Now level_15 group users are able to login successfully and have pri 15 access. But this is not working with leve_7 group users.
This group users are not able to execute show commands.
Below is config on IOS device.
======================================================================
aaa new-model
tacacs server ISE
address ipv4 172.16.9.12
key l@v@
aaa group server tacacs+ ISE_GROUP
server name ISE
aaa authentication login AAA group ISE_GROUP local
aaa authentication enable default group ISE_GROUP enable
aaa authorization exec AAA group ISE_GROUP local
aaa authorization commands 0 AAA group ISE_GROUP local
aaa authorization commands 1 AAA group ISE_GROUP local
aaa authorization commands 15 AAA group ISE_GROUP local
aaa authorization config-commands
line vty 0 4
login authentication AAA
authorization exec AAA
authorization commands 0 AAA
authorization commands 1 AAA
authorization commands 15 AAA
authorization exec AAA
================================================================
06-03-2016 03:04 AM
Change the default privilege level from your shellprofile_read to 15.
To use i.e show commands, you need to be in enabled mode.
If the user has privilege level 15 as default, he is in enable mode directly after login, otherwise he would need to type "enable", what he is not allowed to do.

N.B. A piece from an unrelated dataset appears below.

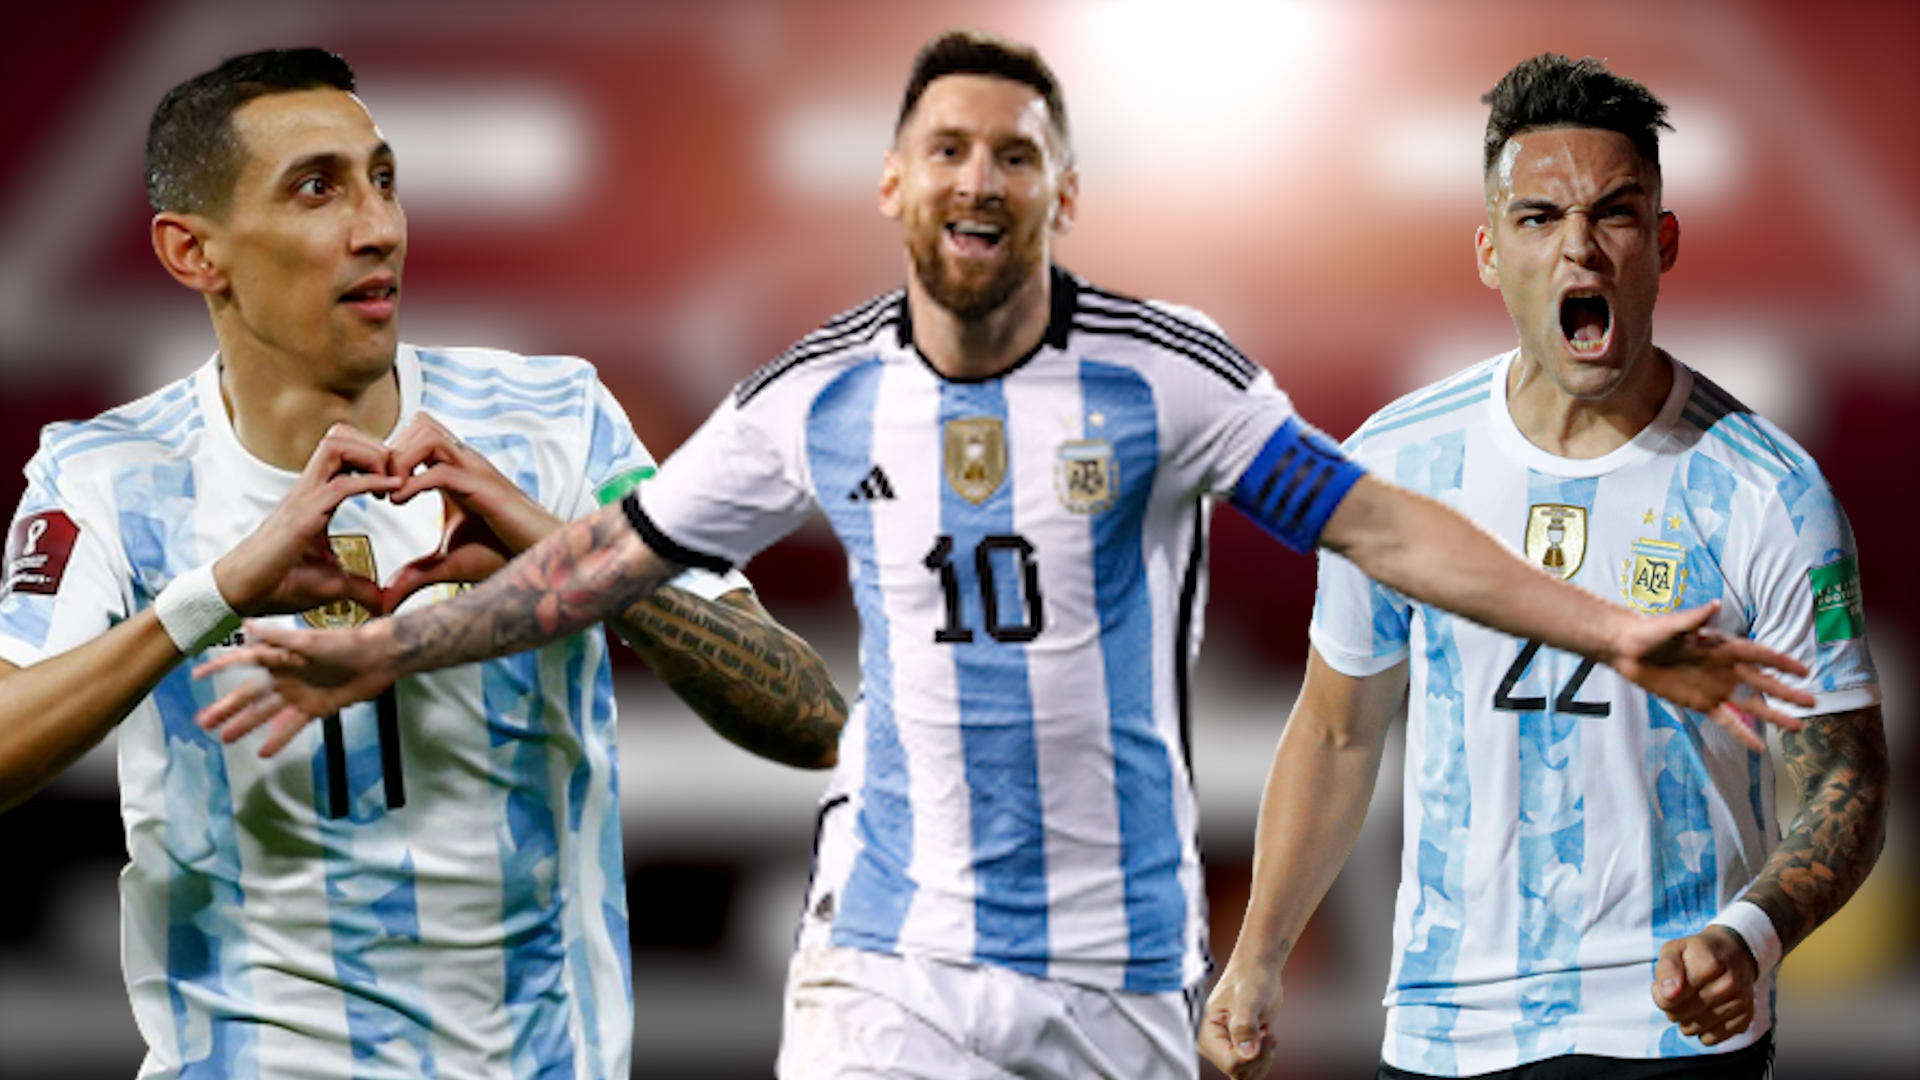 Đội hình tuyển Argentina: Nếu bạn là fan của đội tuyển bóng đá Argentina, thì không thể bỏ qua xem đội hình tuyển Argentina mới nhất. Đội bóng này có nhiều cầu thủ tài năng và hứa hẹn sẽ đem lại nhiều chiến thắng cho đất nước của họ tại các giải đấu quốc tế. Hãy xem ngay hình ảnh liên quan đến đội hình tuyển Argentina để cập nhật thông tin mới nhất về đội bóng này.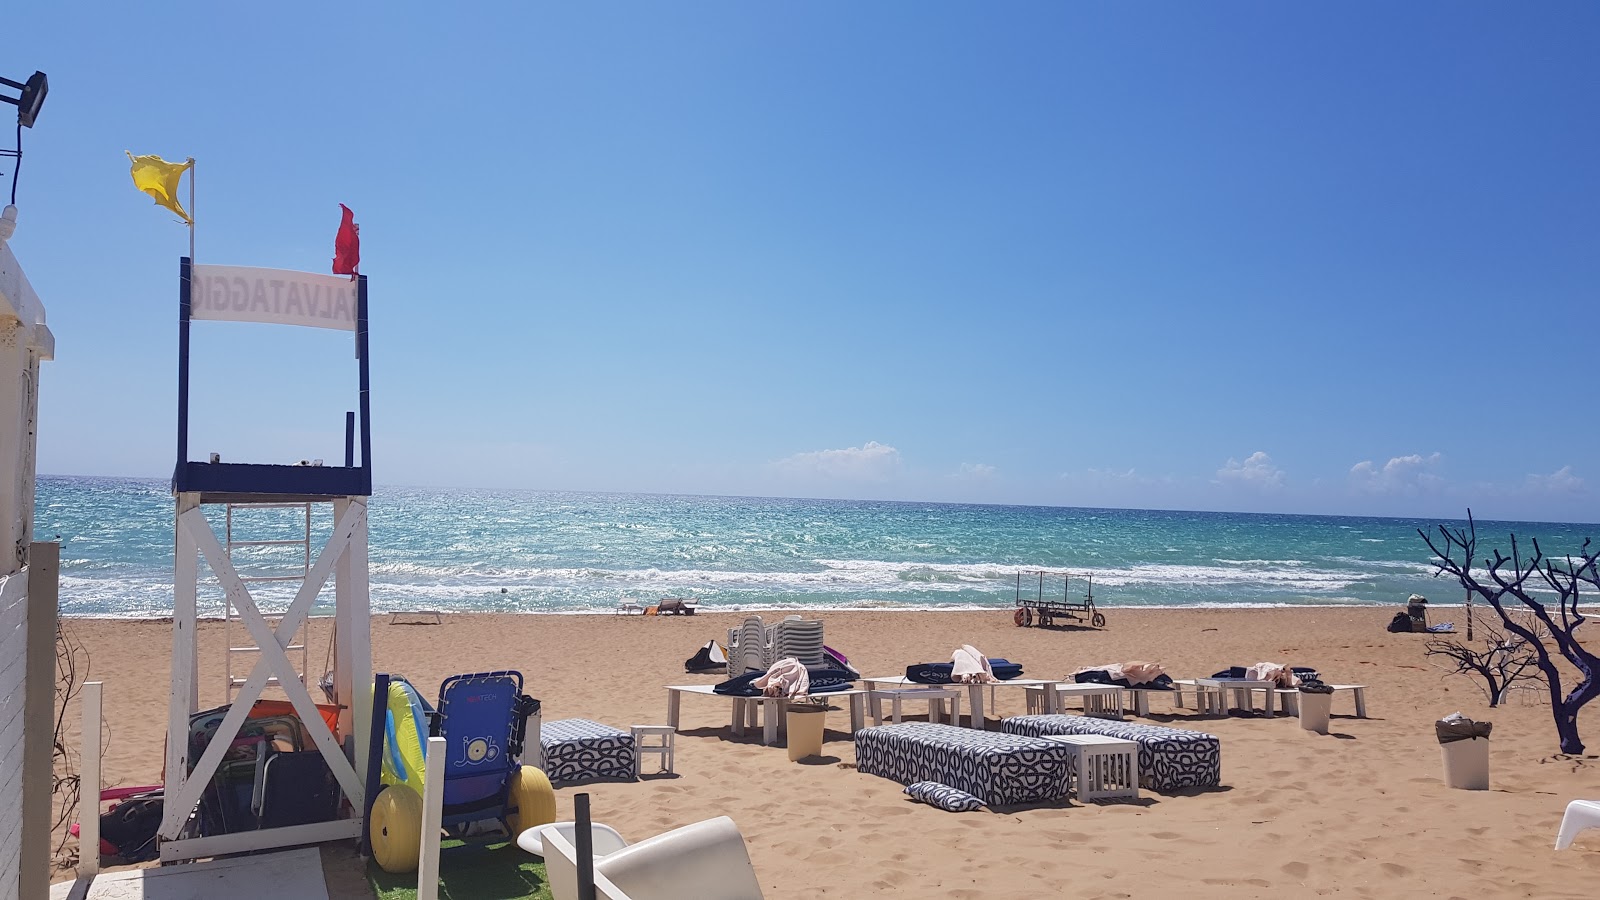 Cannatello beach'in fotoğrafı - rahatlamayı sevenler arasında popüler bir yer

Users that are getting mapped to this shell profile can still only execute the commands you defined in your command set.
06-06-2016 03:40 AM
06-06-2016 04:25 AM
Then try to add "Deny" "configure" "terminal" to the "PermitshowCommands"-Command set.
So the user shouldn't be able to enter config mode
06-06-2016 06:18 AM
06-12-2016 11:56 PM
Hi,
I just tested this with my installation.
You have to explicitly deny "configure" "terminal".
Discover and save your favorite ideas. Come back to expert answers, step-by-step guides, recent topics, and more.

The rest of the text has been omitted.